Monday

Style: Summertime 6 Ways

Thinking about style again lately. Interesting how theme and variations occur and can be utterly different, no matter how "close" or "far they are from the "original".

I have always liked the song "Summertime" from Porgy & Bess by Gershwin, written in 1935 (I think). There are something like 12,000 known versions of this song. I'd love to have a collection of the notable ones. Billie Holiday's version is the closest to original in terms of time period, but the Ella Fitzgerald/Louis Armstrong recording is the most iconic/most copied. I have included a live performance by Ella to stand in for that version...it's interesting to me how each version relates to her prototypical performance and what that says about style....I'm not even sure the Chick Corea/Hiromi Uehara version can really be called the "same" song at all--but what do we mean by the "same" song, anyway?

BTW, I think Devendra Banhart is evil, like truly evil, and not in a good Nietszchean sense. I want to like him, but he gives me the creeps, really really really bad. Any other opinions?

Billie Holiday, 1936


Ella Fitzgerald, Berlin 1968



Janis Joplin, Stockholm, 1969


The Fun Boy Three, London, 1982


Devendra Banhart, n/d


Chick Corea and Hiromi Uehara, n/d

Tuesday

Song Needed: Request for Audience Participation

OK, I was trying to find a song or poem to post here that would really get at the meaning I was trying to express in my last post about how we are made of each other, and the kind of love I'm working with there....but I'm stumped. Any suggestions?

Monday

Thanksgiving: we are made of each other

I have just spent the past few days dwelling in the past, sorting and cleaning out my belongings from my parents' basement. They had everything down there, from my earliest toys to all of my school papers (preschool to high school! you can tell I'm an only child). It has felt good to go through it all and to let go of most of it. It has also felt good to stumble upon the unexpected treasures that will continue along the next part of my living with me.

I have found many photographs that I took of my friends in elementary and middle school and have had the chance to look through all of my parents' belongings and photo albums....a comprehensive family and personal history in artifacts and photographs.

Spending time with my parents in their home also gives me the chance to notice so clearly how much I am made of them...their patterns of speech, their facial expressions, their gestures. I wonder how far back those go? Is my mother's goofiness really that of my 13th great grandmother's? My father's linguistic precision, did that come from Adam?

We all grow out of one another in such concrete yet mysterious ways....and it isn't just our parents and our families that we are made of.
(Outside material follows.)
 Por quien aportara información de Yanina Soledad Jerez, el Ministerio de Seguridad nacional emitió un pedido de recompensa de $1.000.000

In the photographs I took as a child of eleven, I found there was one little boy in particular that I had a number of photographs of, by himself. I guess he was a favored photographic subject of mine. I don't recall having a crush on him, he was a lot shorter than me. Yet, there are all these photographs, more of him than of anyone else. Why? What did he mean to me then? I can't remember what it was like to be 11 or 12. Was it so much different than now, in my early 30s?
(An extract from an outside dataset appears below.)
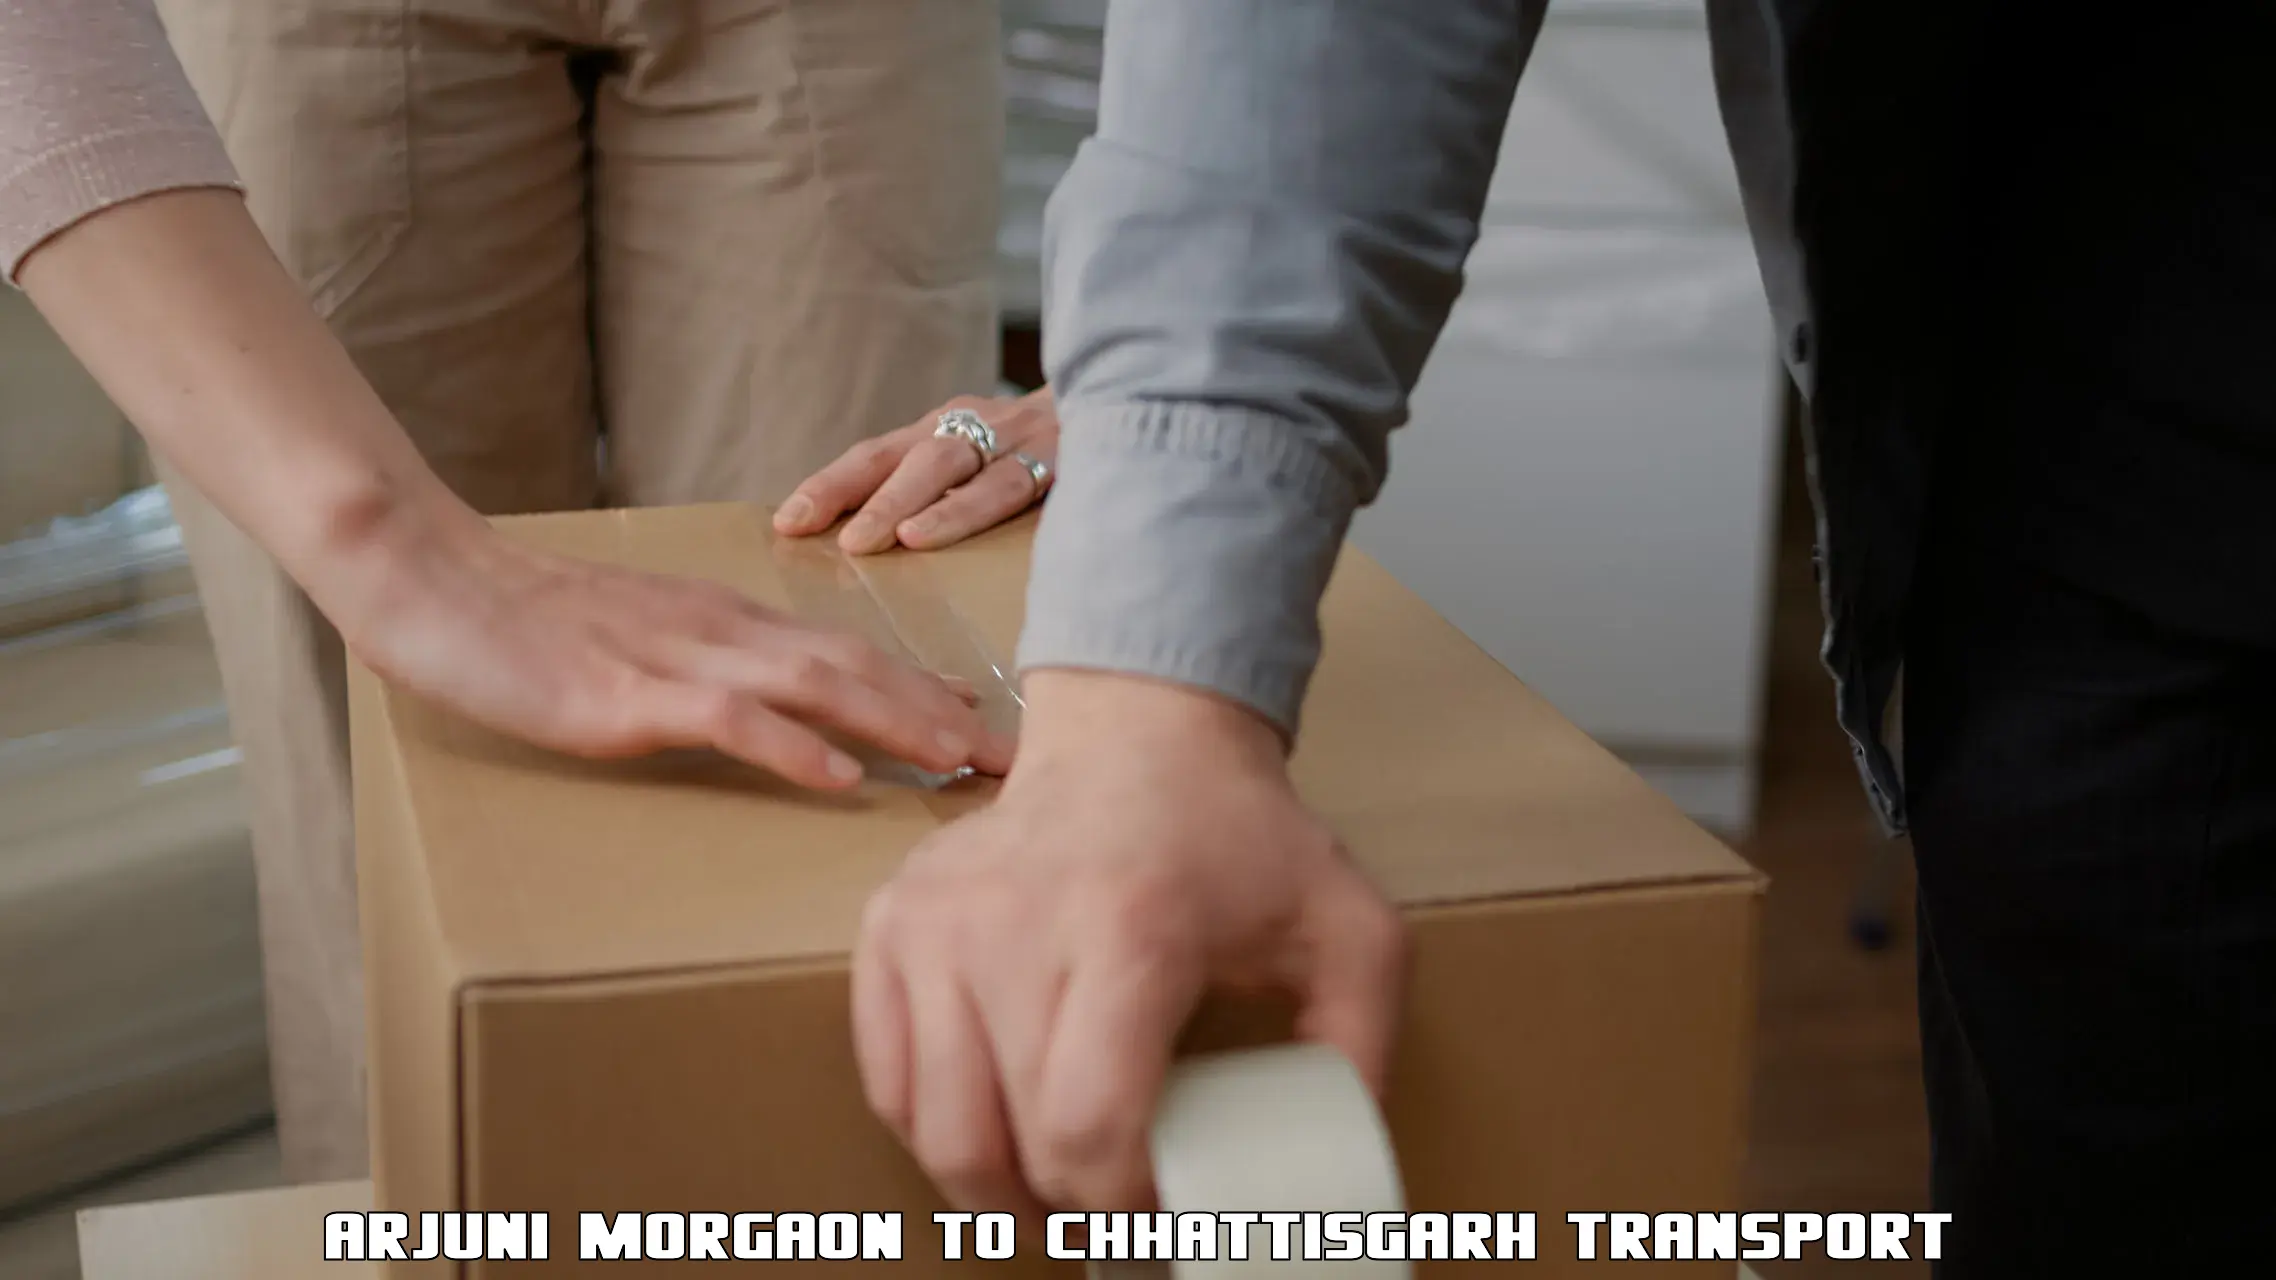 Furniture transport service Arjuni Morgaon to Chhattisgarh

I found some old letters written between me and friends when I was 12 or 13, and to be frank, it doesn't seem that different now. Some of these letters were so much more insightful than I understood at the time. I think people totally underestimate children and adolescents, perhaps adolescents especially. I've grown, but the brilliant sentience that I am, that they were, (that we all really are) hasn't changed at all. If I have improved it has been because I have found ways to be what I always was without being worried about it.
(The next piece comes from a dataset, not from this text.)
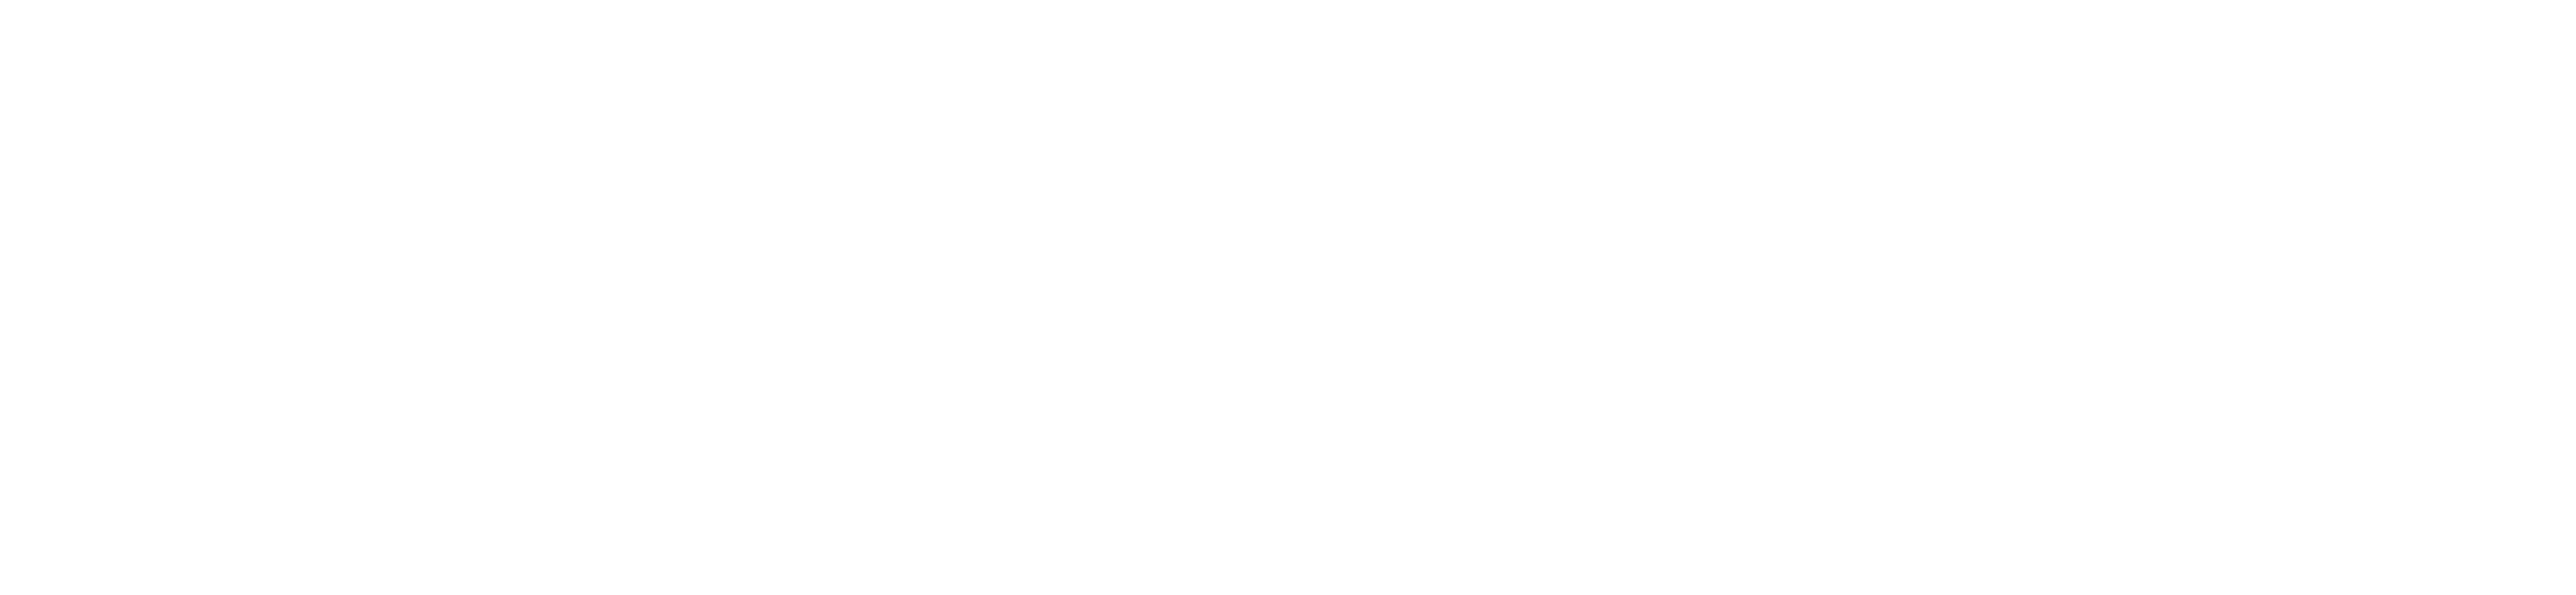 O'Connor Acciani & Levy Logo

He was a beautiful little blonde boy, a good friend of mine. Such a heartbreakingly beautiful boy, smiling in this photo, pensive in the next. I notice as I look at them that he didn't mug for the camera the way the other kids did. He was capable of being seen, it seems. He could look the camera in the eye, and be present. I am blown away by the strength and power of his 11 year old presence. I remember him in impressions...a fragment of his voice, the way he laughed, the way he sounded when he was upset about something. What kind of man did he become?

When I was in my early to mid twenties, my parents moved back to the town I lived in when I went to school with this boy, and I tracked down his parents' phone number. I called his mom and introduced myself and asked about him. She remembered me and told me he was in school for engineering at a state university, that he was doing well. I must have left my contact information (I don't remember doing it, but I must have) and he didn't get back to me.

Maybe he'll show up on facebook one of these days. A number of the people that we were friends with in the early days are there, and I have reconnected with them since I found these photos. It's strange to me that they remember me--I moved away in 7th grade! I see pictures of all of them as teenagers and even as adults together--going to each other's weddings and stuff.

I have lived in a lot of different places and have had a lot of friends and lovers, and I am always flattered (and surprised) when the people whose lives I floated through on my childhood and adolescent travels remember me and are glad to hear from me again.

Those people...all those people in all those places! I loved them all so much. I still do. I am made of them....I am made of you.

Thank you all so much for the time we have spent together, and if you're reading this, thanks for spending your time checking in with me now. It has been my privilege and my pleasure to know you--you have let me be what I am and you have made me what I am. Know that I carry you with me everywhere I go...it is such a sublime fullness.